Veronika falcının onda oluşturduğu şaşkınlıkla ve sonrasında onu görmeye gittiğinde duyduklarının etkisiyle umuda yelken açtı. Yüzü ilk defa güldü bu acılı kadının. Şimdi artık işin peşini bırakmayacak ve iz sürecek. Çocuğunun öldüğünü düşündüğü için hayatla olan bağını koparmış ve sorumlu tuttuğu kocası ile belki de Leon için bir beraberlik sürdürmüş olan Veronika, şimdi asıl var olacak hayatın içinde. Ben geçen haftada yazmıştım, Azize ile iyi dost olacaklarını düşünüyorum. Hele Ali Kemal olayı aydınlanırsa o zaman iki ailenin yolları daha büyük boyutta kesişecek. Nasıl bir yüzleşme olur, neler doğurur gerçekler aydınlanırsa bilmiyorum ama yeni gelişmeler, yeni sürprizlere gebe tüm bu olanlar anladığımız kadarıyla.
Hasibe Ana tam bir Osmanlı kadını, duruşu ve gelinine olan sevgisi gerçekten takdire şayan. Olaylara tarafsızca hakim olmaya çalışıyor. Falcının “Arada bir kadın değil, oğlunun kendisi var” ve “Günü gelince oğlun kelamlarını edecek sana.” diyerek onda bir pencere açtı. Geçen hafta da söylemiştim, bu hikâyede ben aile fertlerinin teker teker Cevdet’in durumunu kendilerince çözeceklerini ama sessiz sinema oynayacaklarını düşünüyorum. Bunu kimse kimseye itiraf etmese de, en azından buradan bakacaklar olanlara. İnsan bir olayı kendi çözdüğünde anlayarak gelir bu duruma. Sonuca kendi emeği ile ulaştığı içinde kıymetini daha bi’ bilir. Önemini daha bi’ kavramış olur. Bunu Cevdet söylese paşanın da dediği gibi, hiç istenmeyen bir durumda dayanamayıp ağızlarından kaçırabilirler. Ne kadar sır olduğu tembih edilse de bu tehlike arz eder yine de. Çünkü başka birinin bildiği sır, sır olmaktan çıkar. Ama insan sırra kendi ulaşırsa eğer, beraberinde onun önemine de ulaşmış olur.

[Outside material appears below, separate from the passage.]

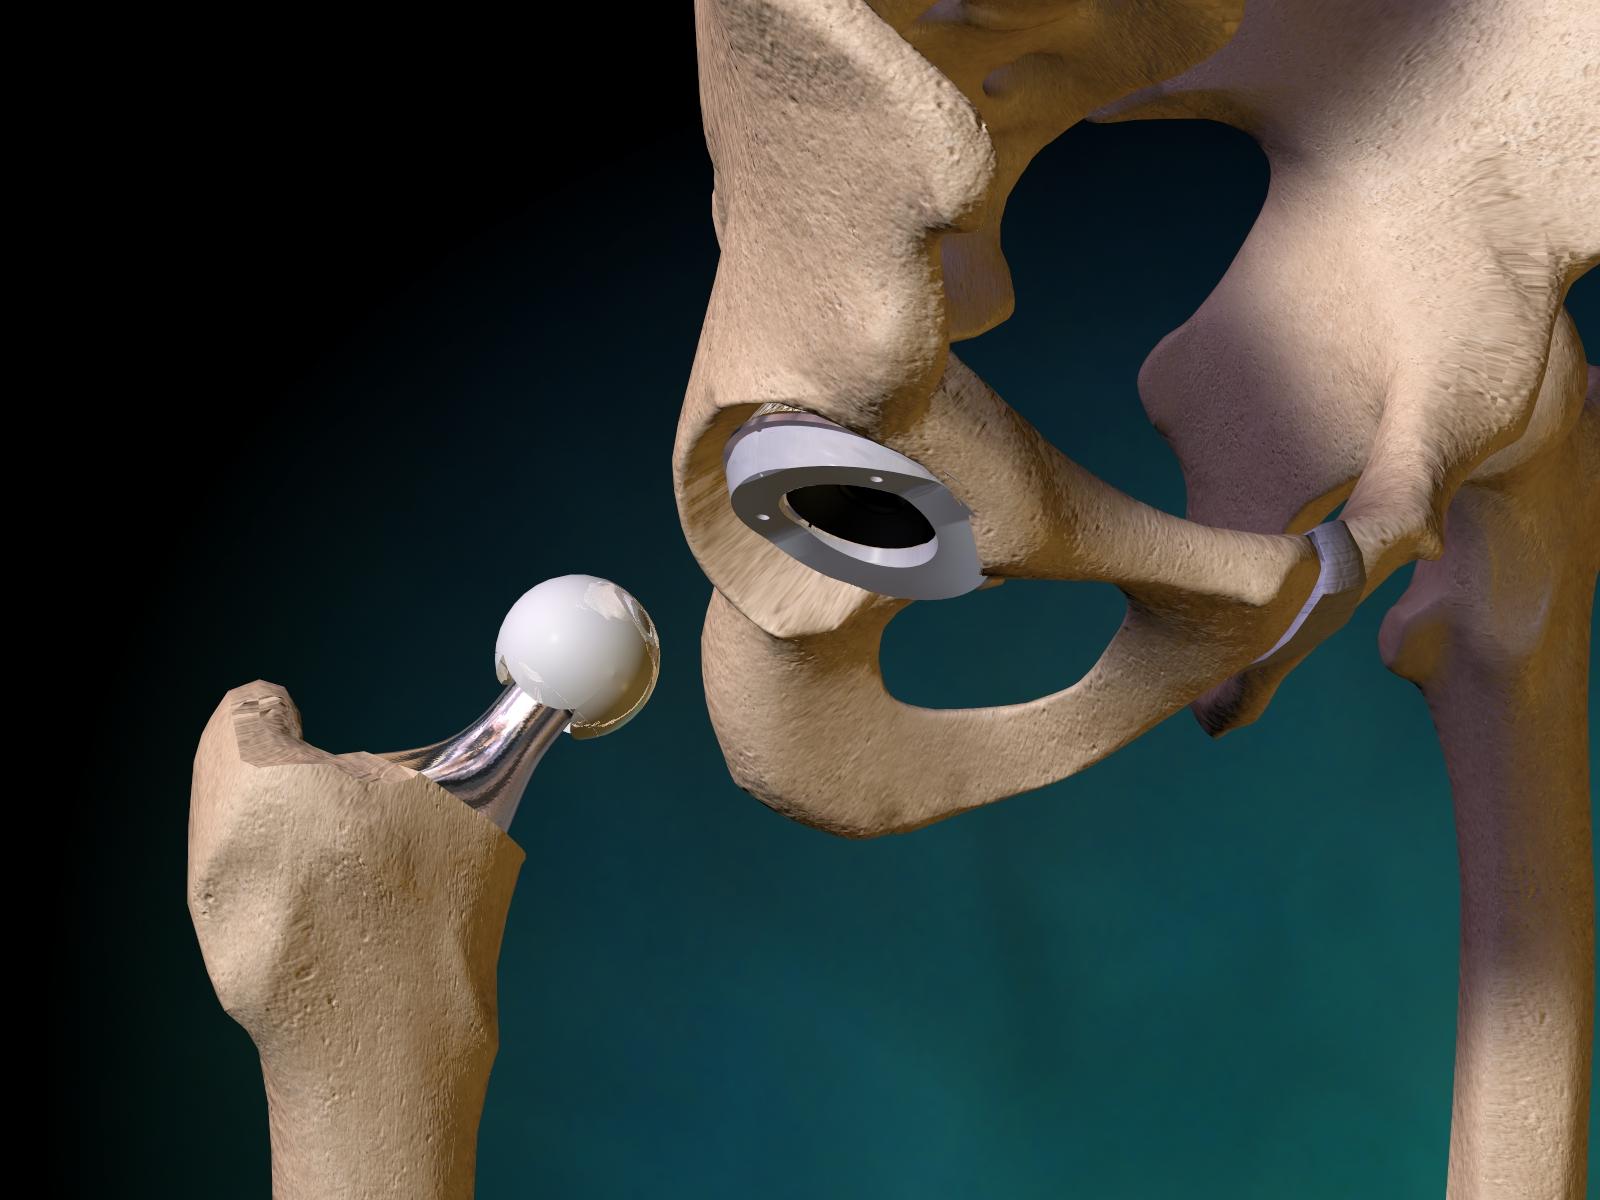 повторная замена эндопротеза тазобедренного сустава

Bu yüzden hayatın sırlarını keşfettikçe olgunlaşır ve onu daha hak ettiği gibi yaşayabiliriz. İşte bizim hikâyemizin kahramanları da ayrı ayrı sırlara gebe. Kimi ucunda, kimi ortasında, kimi de kilometrelerce uzağında. Kendilerine vakıf oldukça yaklaşacaklar ve de vakıf olacaklar arka planda yaşananlara. Bizi de yaşadıklarına tanık, anladıklarına ortak ede ede.